Language: English with bilingual summary in English and German
Members of several pairs of avian species and megasubspecies established contact in northern and northeastern Iran where they either met without gene exchange or hybridized to a greater or lesser extent.
The Mediterranean Black-eared Wheatear (Oenanthe hispanica) and the central Asian Pied Wheatear (O. pleschanka) are ecological counterparts in the western and eastern Palearctic Region, respectively. They established contact in eastern Bulgaria, Transcaucasia, northern Iran and on the Mangyshlak Peninsula in the eastern Caspian Sea. An area of geographical overlap of the breeding ranges of these wheatears in western Iran, as postulated by previous authors, does not exist. Instead, O. hispanica and O. pleschanka exclude each other geographically in the central Elburz Mountains of northern Iran. However, they are not fully isolated reproductively producing hybrids which constitute about 65% of the peripheral populations near the contact zone (judged from an analysis of male plumage types). Some of the intermediate plumage types had received in the past formal taxonomic names, e. g. 'gaddi', 'Iibyca‘, 'transluga‘. Hybrids are also known from other areas where these wheatears are in contact. However, gene flow is insufficient to consider hispanica and pleschanka as conspecific. They are weakly differentiated parapatric species which still hybridize where their breeding ranges adjoin.
It is suggested that the polymorphism for throat colour (black and white) observed in the main populations of O. hispanica and O. pleschanka may have originated from parapatric hybridization between these species and resulting introgression of genes of the respective ally. This suggestion is supported by increasing frequency of the black-throated morph in O. hispanica males and increasing extent of its black throat colour from west to east approaching the range of O. pleschanka (in which species most males have a black throat and upper breast). The eastward introgression of the character for white-throat into the range of O. pleschanka was necessarily limited because of the massive reverse introgression of ‘black-throat‘ into the range of O. hispanica. The frequency of white-throated males in O. pleschanka decreases from west to east with increasing distance from the
white-throated O. hispanica. No white-throated males are known from the insular form O. pleschanka cypriaca, a population isolated from potential gene flow of O. hispanica.
Western Black-headed Bunting (Emberiza melanocephala) and eastern Red-headed Bunting (E. bruniceps) are closely related species despite conspicuous differences in the colour of the male plumages. Females are very similar. These buntings meet in the area to the north and southeast of the Caspian Sea. They form a zone of overlap and hybridization in northeastern Iran. The area of overlap is about 90 kilometres wide. Populations in the overlap zone south of the Elburz Range (Bastam Valley and Meyamey area) consist of pure parental phenotypes (65-70%) and hybrids (35-30%). Percentages of melanocephala : hybrids : bruniceps in the Bastam Valley are 57 : 35 : 8 and in the Meyamey region 4 : 4 : 92. E. melanocephala outnumbers E. bruniceps about seven times in the Bastam Valley, whereas bruniceps is predominant in the Meyamey region, almost to the exclusion of melanocephala.
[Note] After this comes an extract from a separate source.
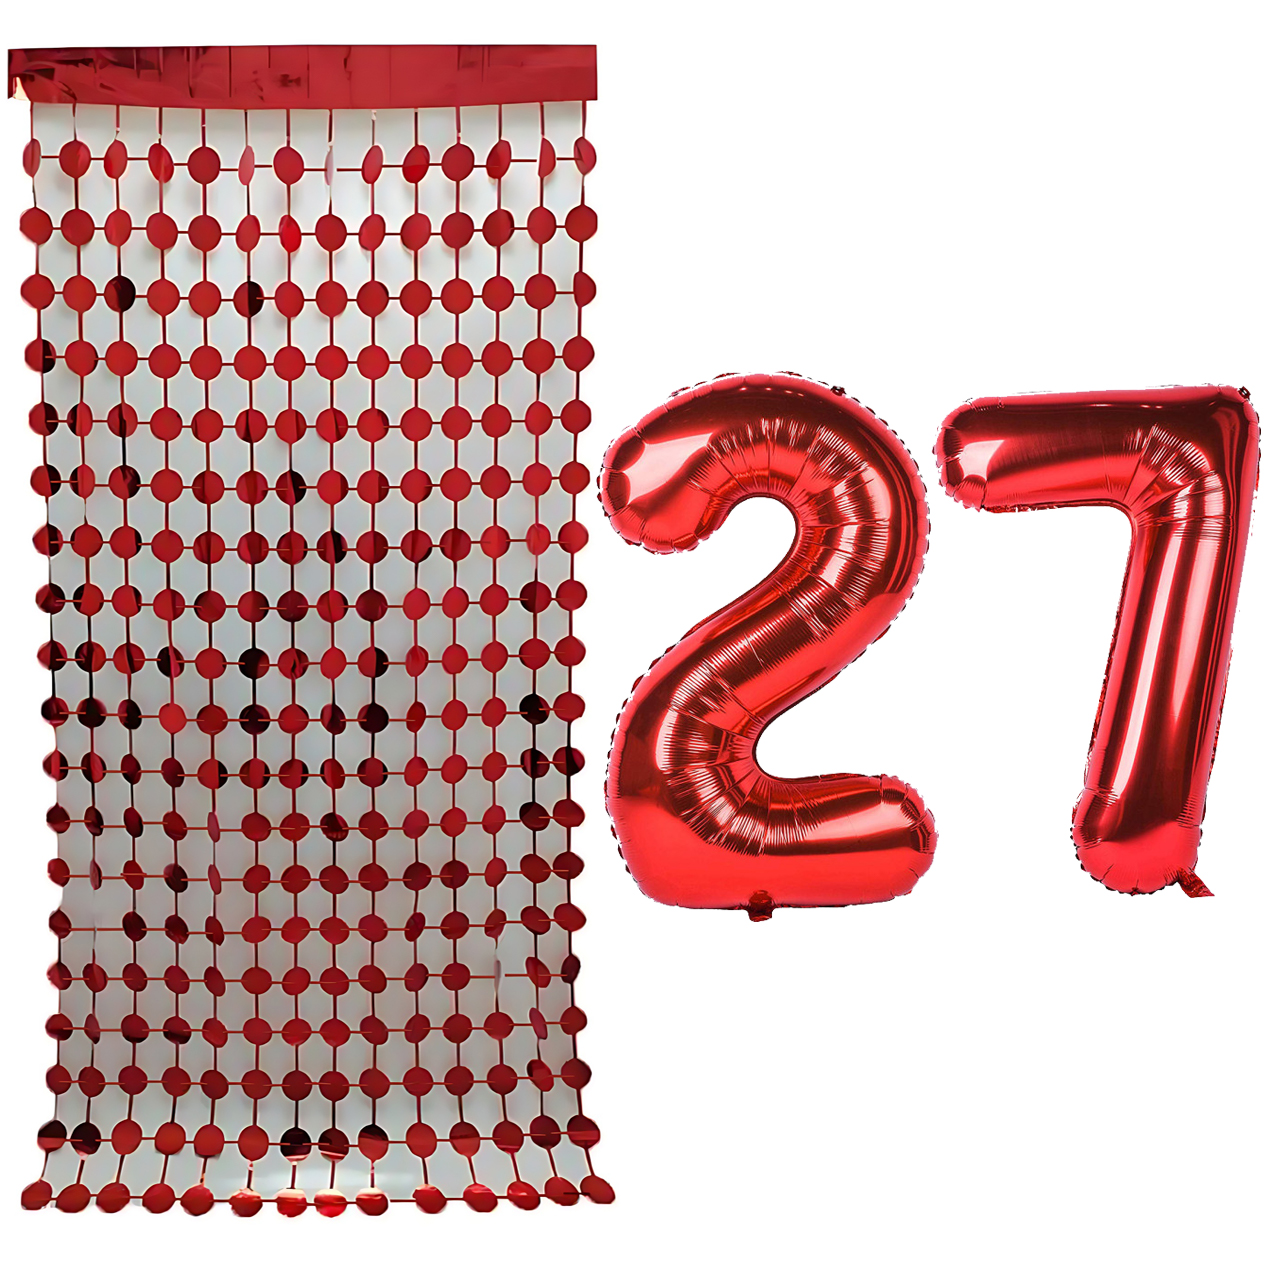 بادکنک فویلی مستر تم طرح عدد 27 به همراه ریسه تزئینی بسته 3 عددی

A similar zone of overlap and hybridization of these buntings exists in the deforested Caspian lowlands between Behshahr and Gorgan where these birds, however, are less common than in the Bastam Valley. Gene flow between E. melanocephala and E. bruniceps is insufficient to consider these forms as conspecific. They are weakly differentiated species.
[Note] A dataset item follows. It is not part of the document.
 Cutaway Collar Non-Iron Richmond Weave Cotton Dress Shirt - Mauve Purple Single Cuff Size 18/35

Geomorphological and palynological studies indicate that the climate was cold and dry in Iran during the last glacial stage (Würm). Artemisia steppe vegetation existed in many areas presently covered with woodland or forest (e. g. Zagros Mountains). Some intermittent lakes and playa lakes formed in central Iran primarily as a result of lower evaporations rates. Higher temperature in post-Pleistocene times created greater aridity. Due to a temperature decrease at about 5,500 B.P. oak-pistachio-almond woodland and forest invaded western Iran and Juniper woodland covered the southern slopes of the Elburz Mountains.
It is suggested that the members of many avian subspecies and species pairs established secondary contact in Iran during post-Pleistocene time, possibly as late as 5,000 years ago when the present moist vegetation invaded Iran. Vegetational changes since the arrival of man and the spread of agriculture influenced the extent of secondary contact zones. The western and eastern populations of birds presently in contact in Iran, probably had survived the preceding cold-arid climatic phase of the last glacial stage in moist refuges in the Turkey-Libanon region and near the base of the central Asian mountains, respectively.